Remember two weeks ago when the World Health Organization said bacon causes bowel cancer and red meat “probably” does? That was a pretty bad day. Well, science is really on a roll lately, because now there’s news that doctors at the University of Texas’s MD Anderson Cancer Center have tied all meat to another type of cancer, of the kidney this time.
This team wanted to investigate the possible link between meat in people’s diets and the disease, so they compared 659 patients with kidney cancer to 699 people with no cancer. They asked everybody what kinds of meat they ate and how they cooked it, then got genetic makeups to look for any biological ties. Their conclusion, published in the journal Cancer: Eating meat carries a higher risk of kidney cancer, and people who grill it first — red or white, so T-bones, turkey legs, chicken breasts, it doesn’t matter — have the greatest risk of all.
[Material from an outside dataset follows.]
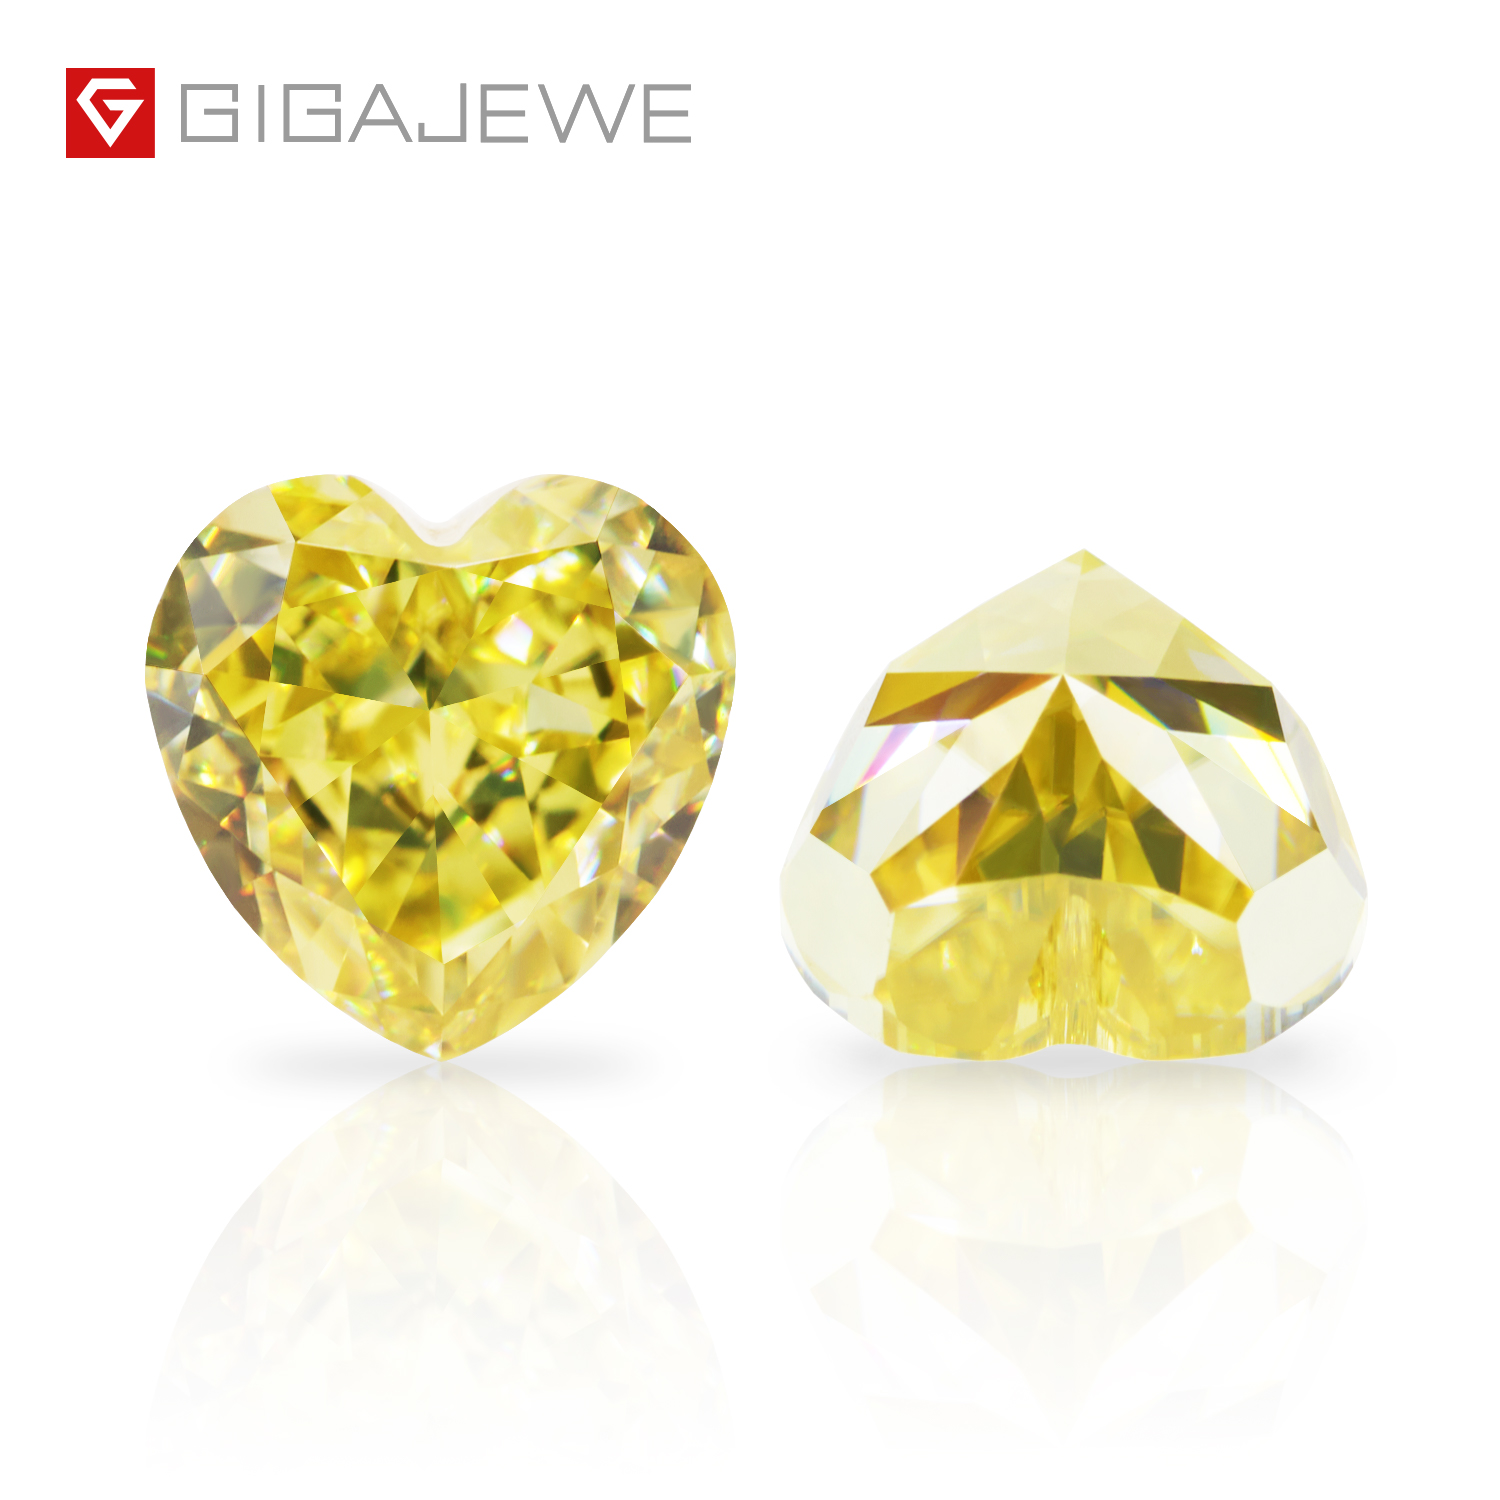 GIGAJEWE 定制碎冰心形切割鲜艳黄色 VVS1 莫桑石裸钻测试通过宝石首饰制作

To make things worse still, they also say two genetic mutations in particular were “significantly associated” with kidney cancer (although, sorry — neither NBC News nor the study’s abstract mentions what those are).
The study’s findings fit the WHO’s ruling on red meat, but cancer experts have long argued grilling or barbecuing is, from a health standpoint, sort of akin to subjecting your meat to cigarette smoke. These researchers say so-called “exposure to meat cooking mutagens” is the best explanation for why the rate of kidney cancer is on the rise. But it’s still a solid six months until next grilling season, so just imagine how good the veggie-burger game will be by then.